18:16: Can you give us a sense for the size of the community working on these things? Is it mostly academic? Are there startups? Are there research grants?

18:52: The first community when I started was AI for K12. There’s an active community of researchers and educators. It was supported by NSF. It’s pretty diverse, with people from all over the world. And there’s also a Learning and Tools community focusing on math learning. Renaissance Philanthropy also funds a lot of initiatives.

20:18: What about Khan Academy?

20:20: Khan Academy is a great example. They wanted to Khanmigo to be about intrinsic motivation and understanding positive encouragement for the kids. But what I discovered was that the math was wrong—the early LLMs had problems with math.

22:28: Let’s say a month from now a foundation model gets really good at advanced math. How long until we can distill a small model so that you benefit on the phone?

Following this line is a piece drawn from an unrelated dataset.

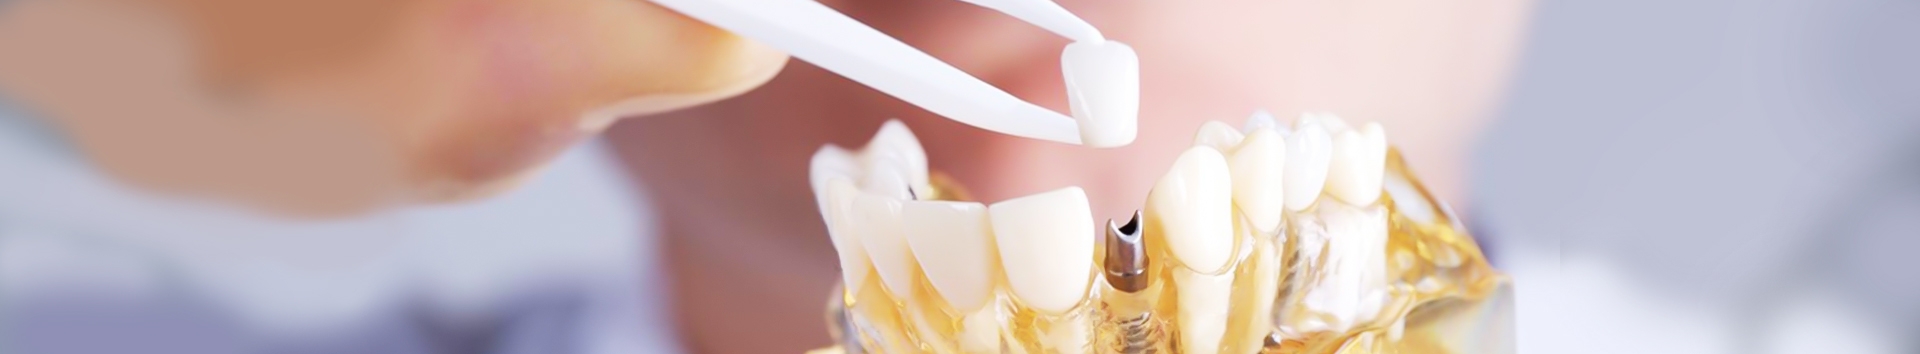 Implante dentário na clínica odontológica errada causa mau hálito

23:04: There was a project, Minerva, that was an LLM specifically for math. A really good model that is always correct at math is not going to be a Transformer under the hood. It will be a Transformer together with tool use and an automatic theorem prover. We need to have a piece of the system that’s verifiable. How quickly can we make it work on a phone? That’s doable right now. There are open source systems like Unsloth that distills a model as soon as it’s available. Also the APIs are becoming more affordable. We can build those tools right now and make them run on edge devices.

25:05: Human in the loop for education means parents in the loop. What extra steps do you have to do to be comfortable that whatever you build is ready to be deployed and be scrutinized by parents.

25:34: The most common question I get is “What should I do with my child?” I get this question so often that I sat down and wrote a long handbook for parents. During the pandemic, I worked with the same community of families for two-and-a-half years. I saw how the parents were mediating the use of AI in the house. They learned through games how machine learning systems worked, about bias. There’s a lot of work to be done for families. Parents are overwhelmed. There’s a constant feel of not wanting your child to be left behind but also not wanting them on devices all the time. It’s important to make a plan to have conversations about how they are using AI, how they think about AI, coming from a place of curiosity.

28:12: We talked about implementing the Socratic method. One of the things people are talking about is multi-agents. At some point, some kid will be using a tool that orchestrates a bunch of agents. What kinds of innovations in UX are you seeing that will prepare us for this world?

28:53: The multi-agent part is interesting. When I was doing this study on the Scratch copilot, we had a design session at the end with the kids. This theme of agents and multiple agents emerged. Many of them wanted that, and wanted to run simulations. We talked about the Scratch community because it’s social learning, so I asked them what happens if some of the games are done by agents. Would you like to know that? It’s something they want, and something they want to be transparent about.

30:41: A hybrid online community that includes kids and agents isn’t science fiction. The technology already exists.

30:54: I’m collaborating with the folks who created a technology called Infinibranch that lets you create a lot of virtual environments where you can test agents and see agents in action. We’re clearly going to have agents that can take actions. I told them what kids wanted, and they said, “Let’s make it happen.” It’s definitely going to be an area of simulations and tools for thought. I think it’s one of the most exciting areas. You can run 10 experiments at once, or 100.

32:23: In the enterprise, a lot of enterprise people get ahead of themselves. Let’s get one agent working well first. A lot of the vendors are getting ahead of themselves.

32:49: Absolutely. It’s one thing to do a demo; it’s another thing to get it to work reliably.